Daily Lab: Brilliantly irrelevant

Simpler, not smarter.

Daily Lab: Brilliantly irrelevant


  • Avoid being brilliantly irrelevant by focusing on actual customer wants
  • Be useful and helpful instead of making things more complicated
  • Value comes from being relevant, not merely intelligent

Why read the rest:

  • Dive deeper into industry expertise on why relevance and simplicity beat brilliance in business

Famous 20th century advertiser David Ogilvy once warned against “skidding about on what my brother Francis called ‘the slippery surface of irrelevant brilliance.’”

It’s an easy thing to do, when you own a business and you care a lot about it, and the problem you’re solving.

You might end up obsessing over being “the best,” even if the customer wants something else—or something more.

You might demand to be the cheapest, even if the customer needs more value—or is suspicious of a too-good deal.

You may even strive to be the smartest—even if your prospects have no idea what you’re talking about.

Instead, as Ton Dobbe wrote in The Remarkable Effect, “The more relevant you appear in the eyes of your ideal customer, the bigger your success.”

It’s not about being brilliant, it’s about being useful.

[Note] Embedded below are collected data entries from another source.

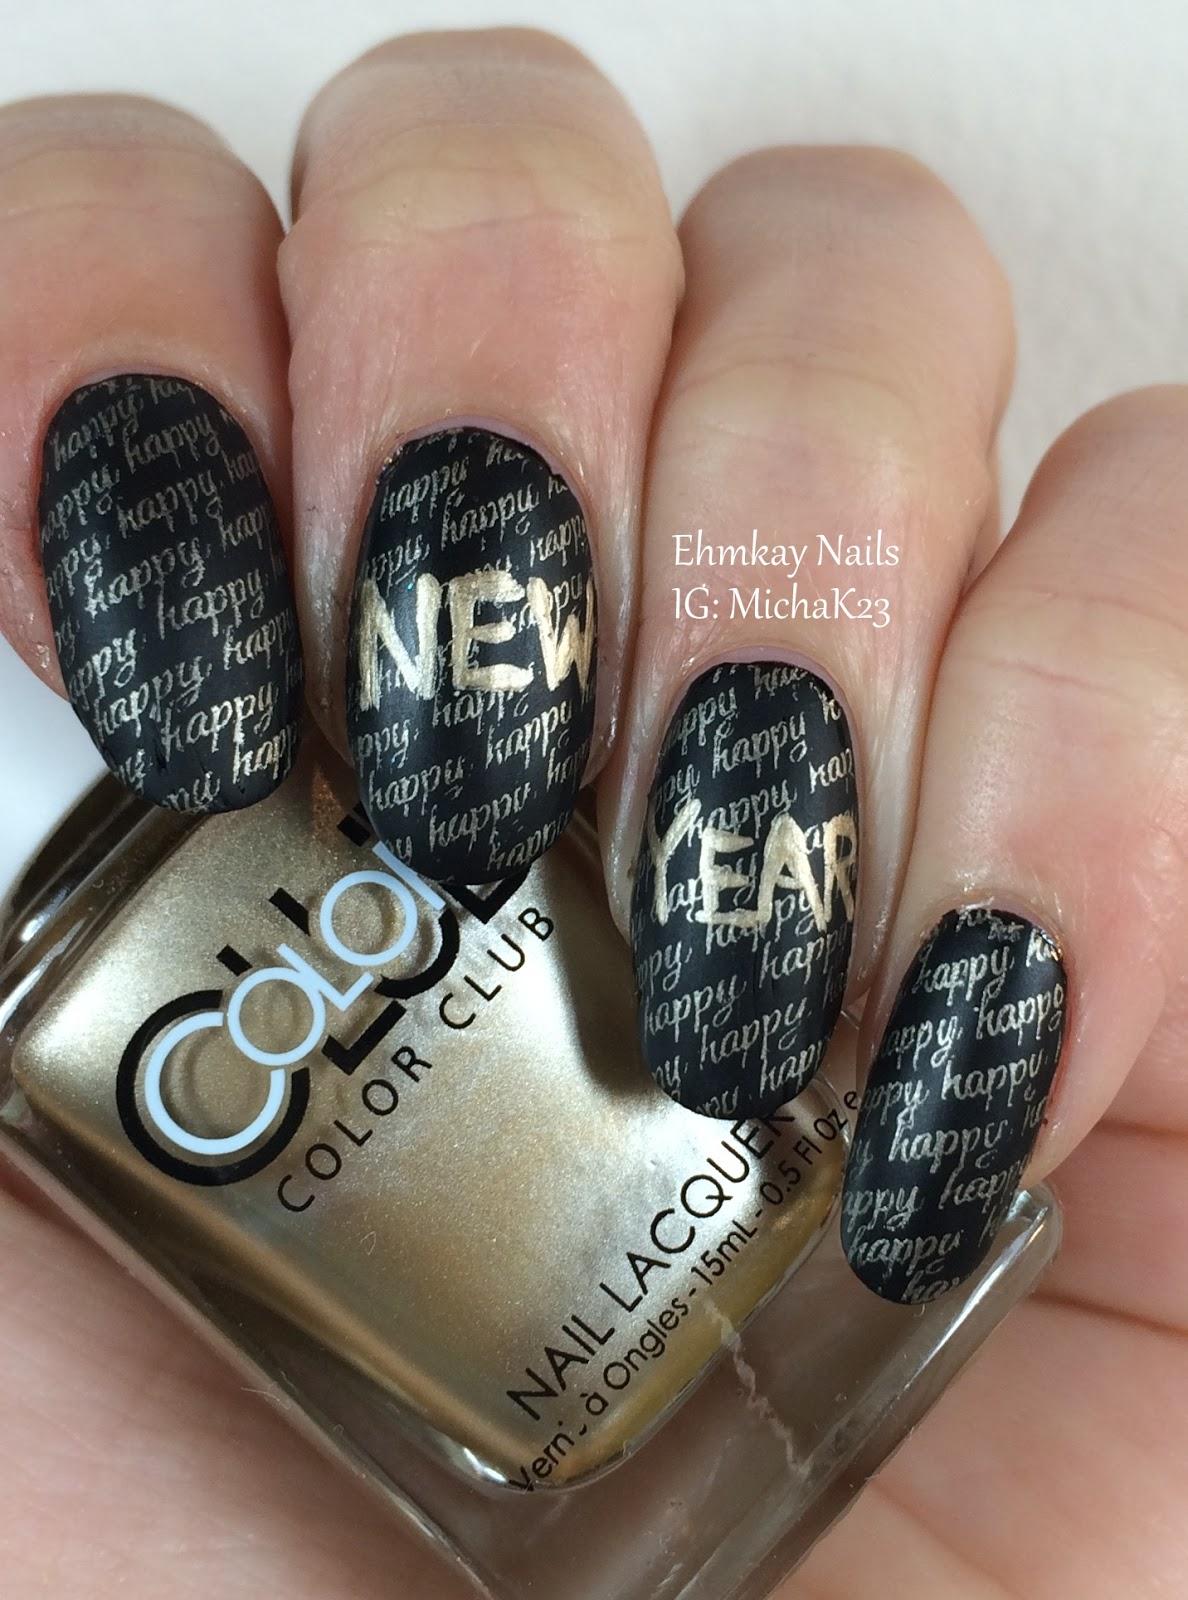 Nail Art Ideas » Nail Art Stamping Designs - Pictures of Nail Art ...
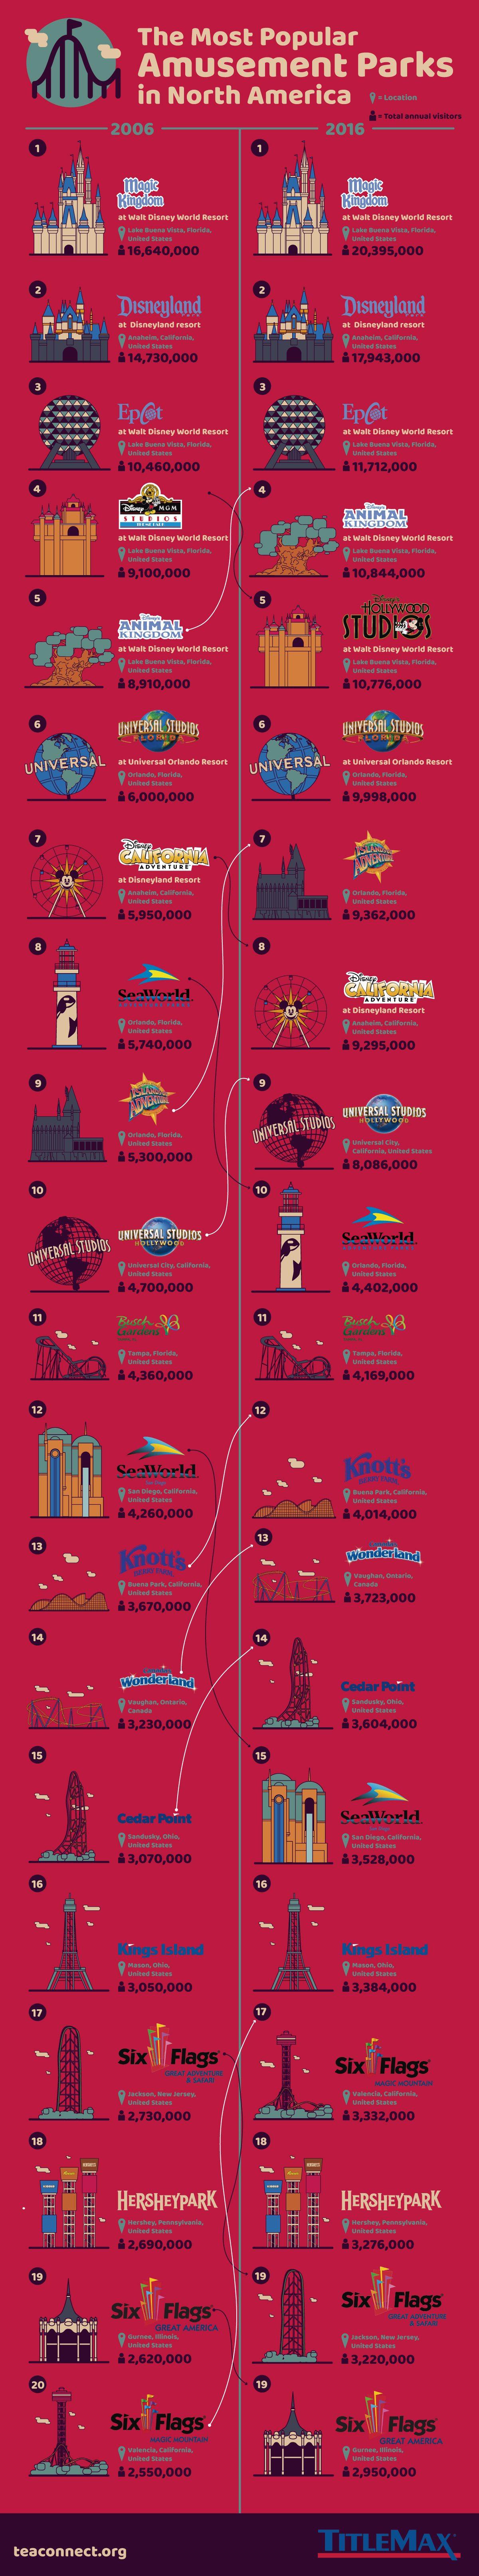 Most Popular Amusement Parks in America
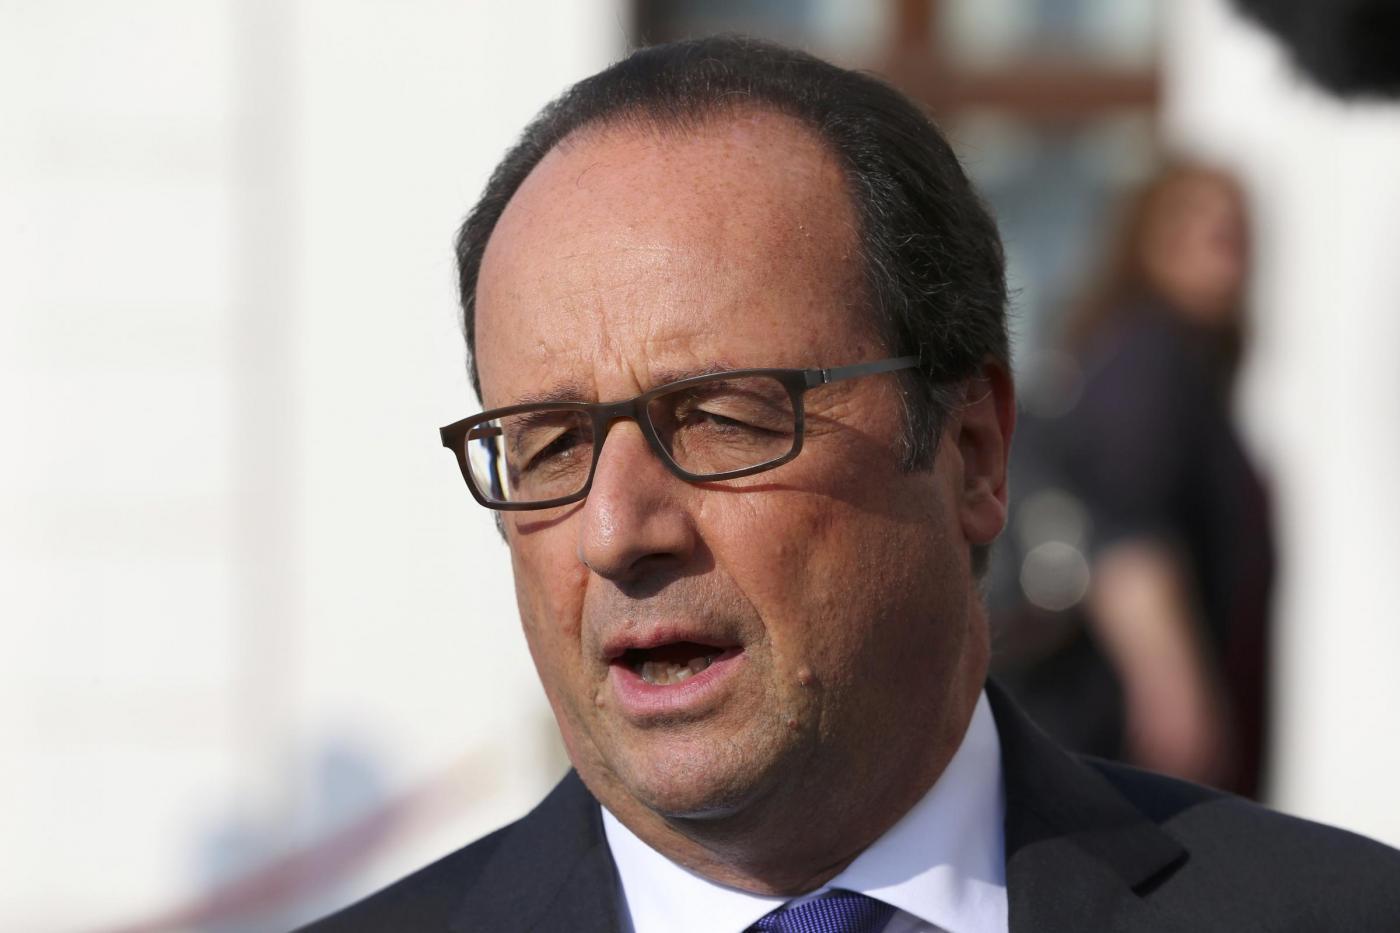 Il presidente francese Francois Hollande al summit EU di Bratislava
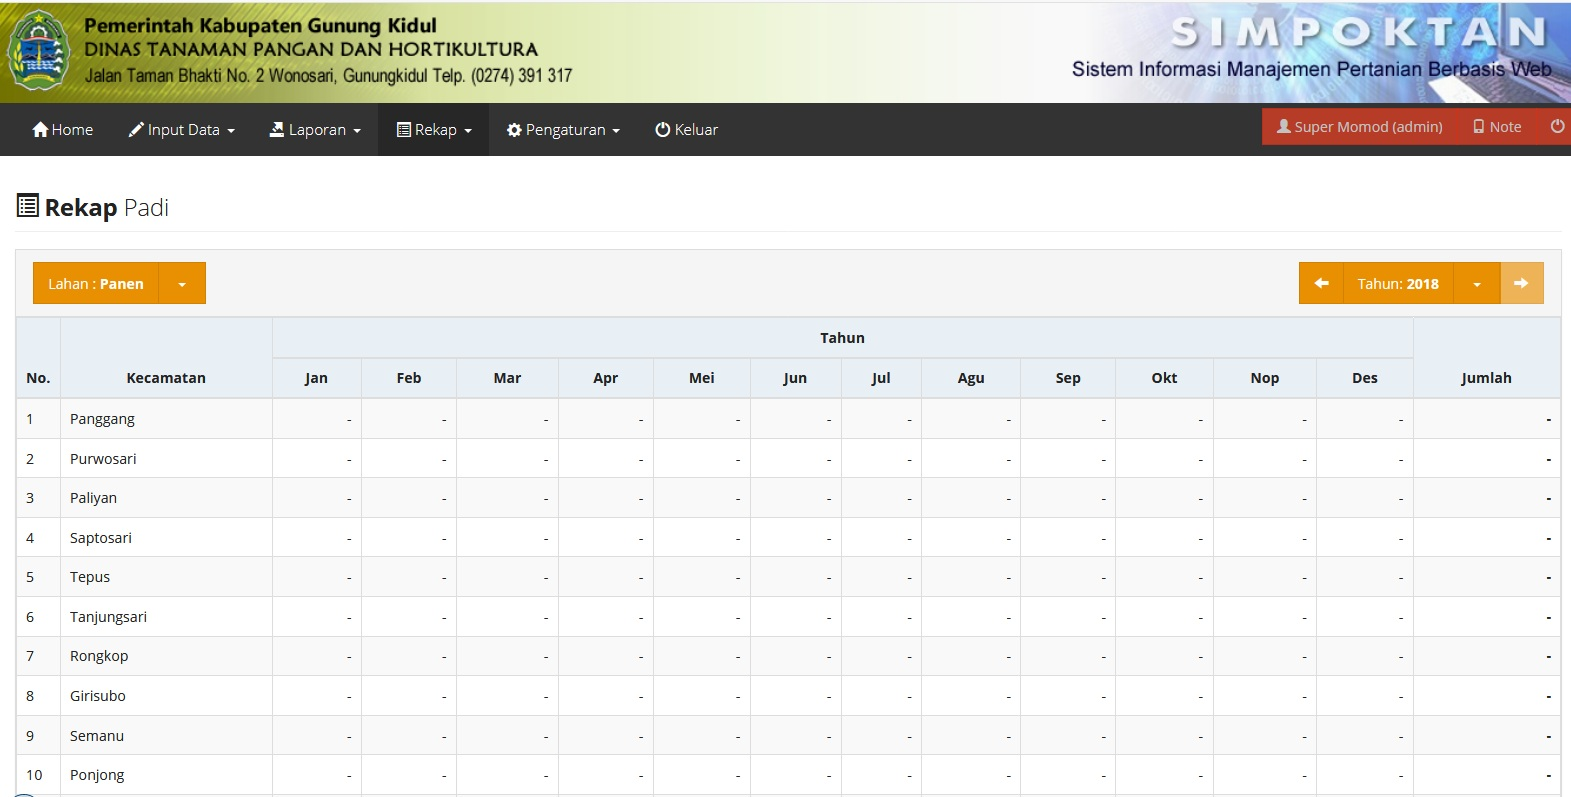 Sistem Informasi Pertanian (SIMPOKTAN) Technophoria Indonesia
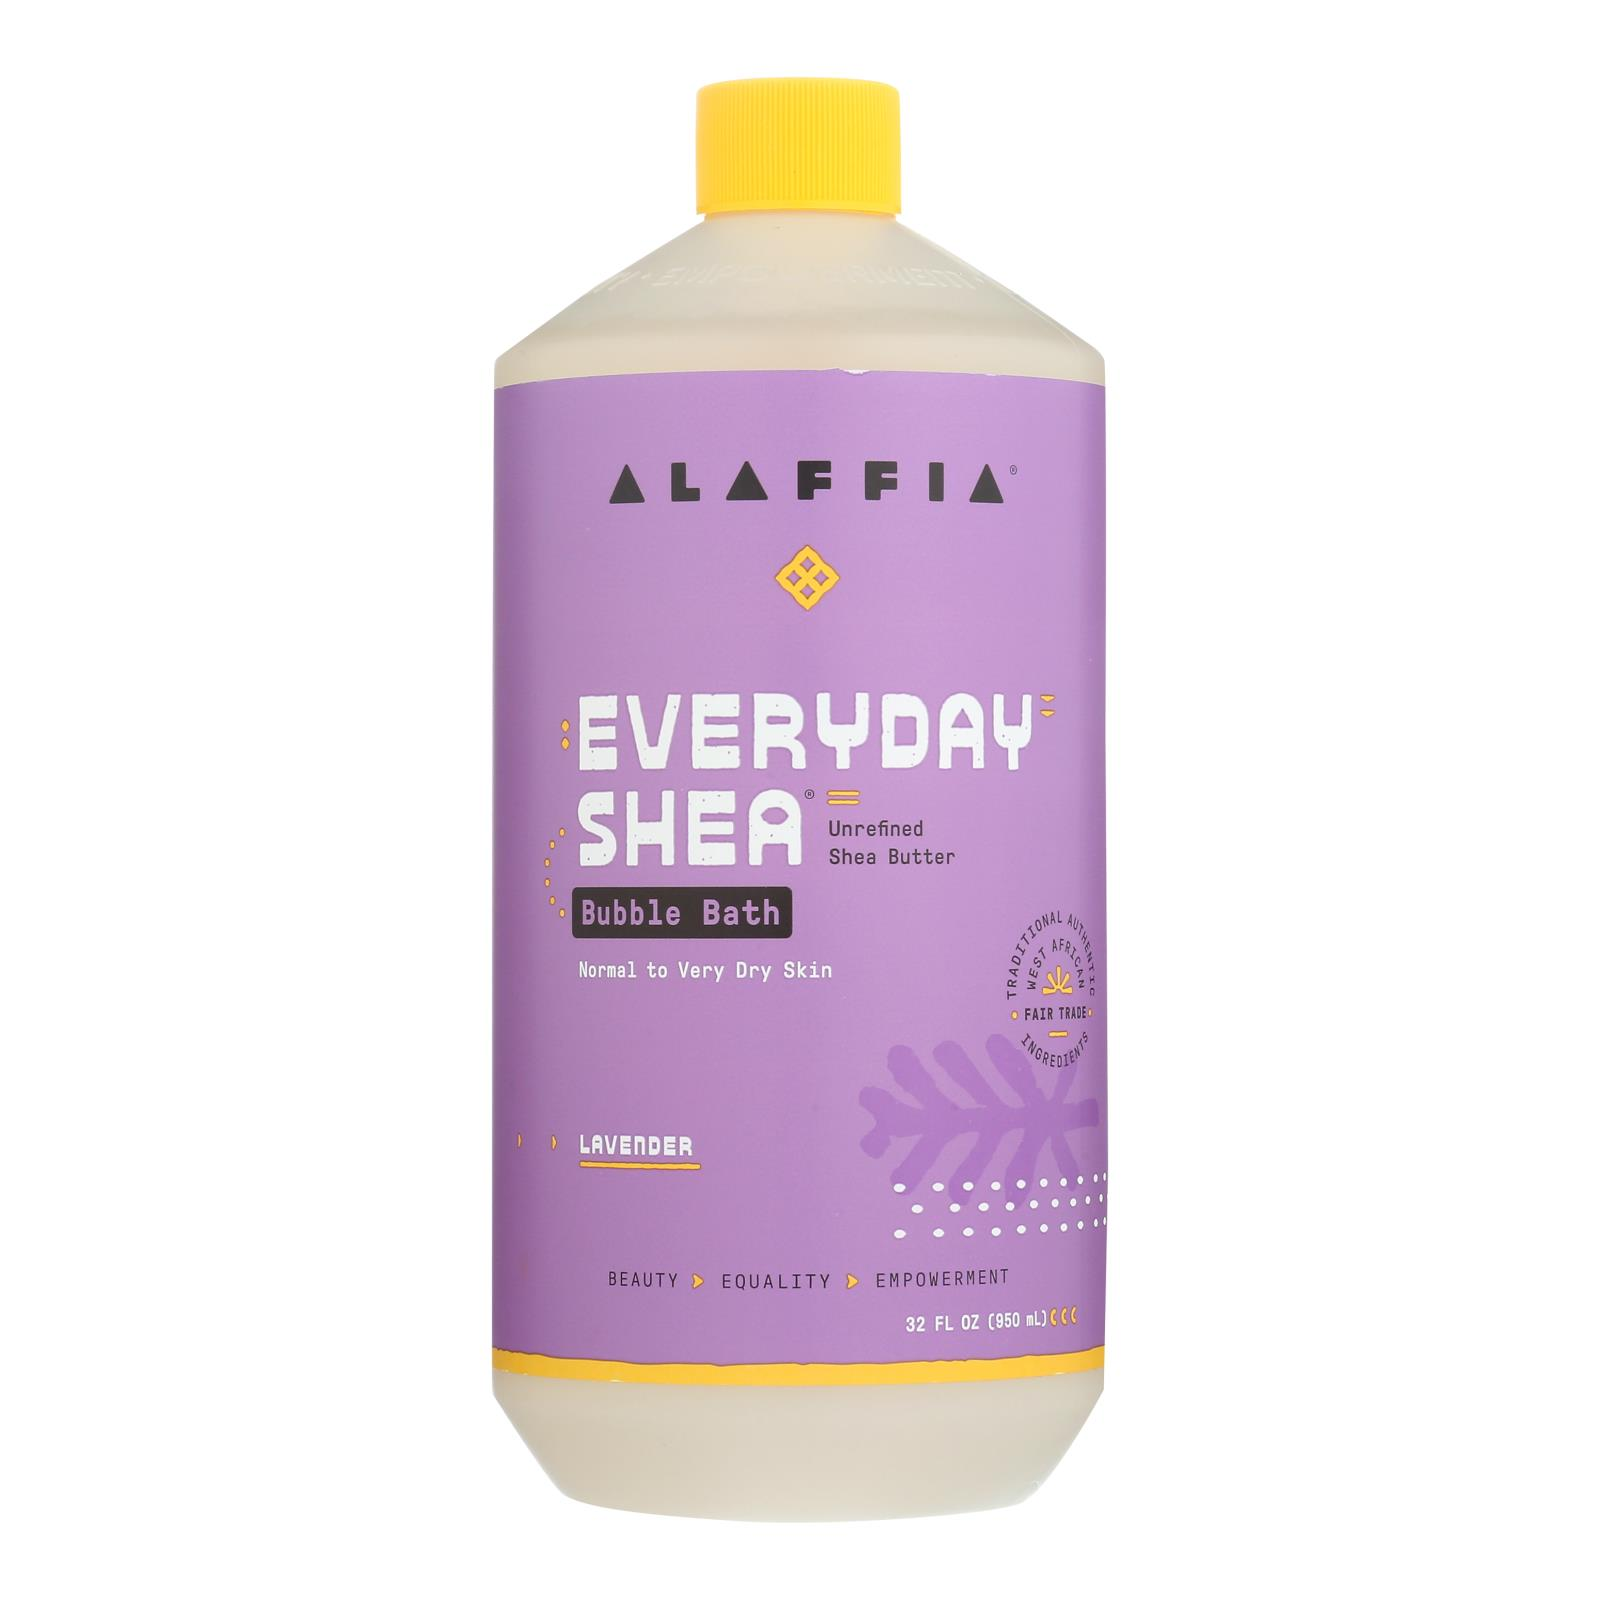 Alaffia - Everyday Bubble Bath - Lavender - 32 fl oz.

Helpful.

It’s about demonstrating our value, not our intelligence.

Like David A. Fields wrote in The Irresistible Consultant’s Guide to Winning Clients, “Executives are far more likely to buy a solution they understand than one that seems mystifyingly complex, difficult to grasp or shrouded in mystery.”

Instead, he writes, “they intuitively adopt Occam’s razor: the simplest explanation is usually the correct one.”

We don’t get clients by making things more complicated.

We earn their confidence by making things simpler.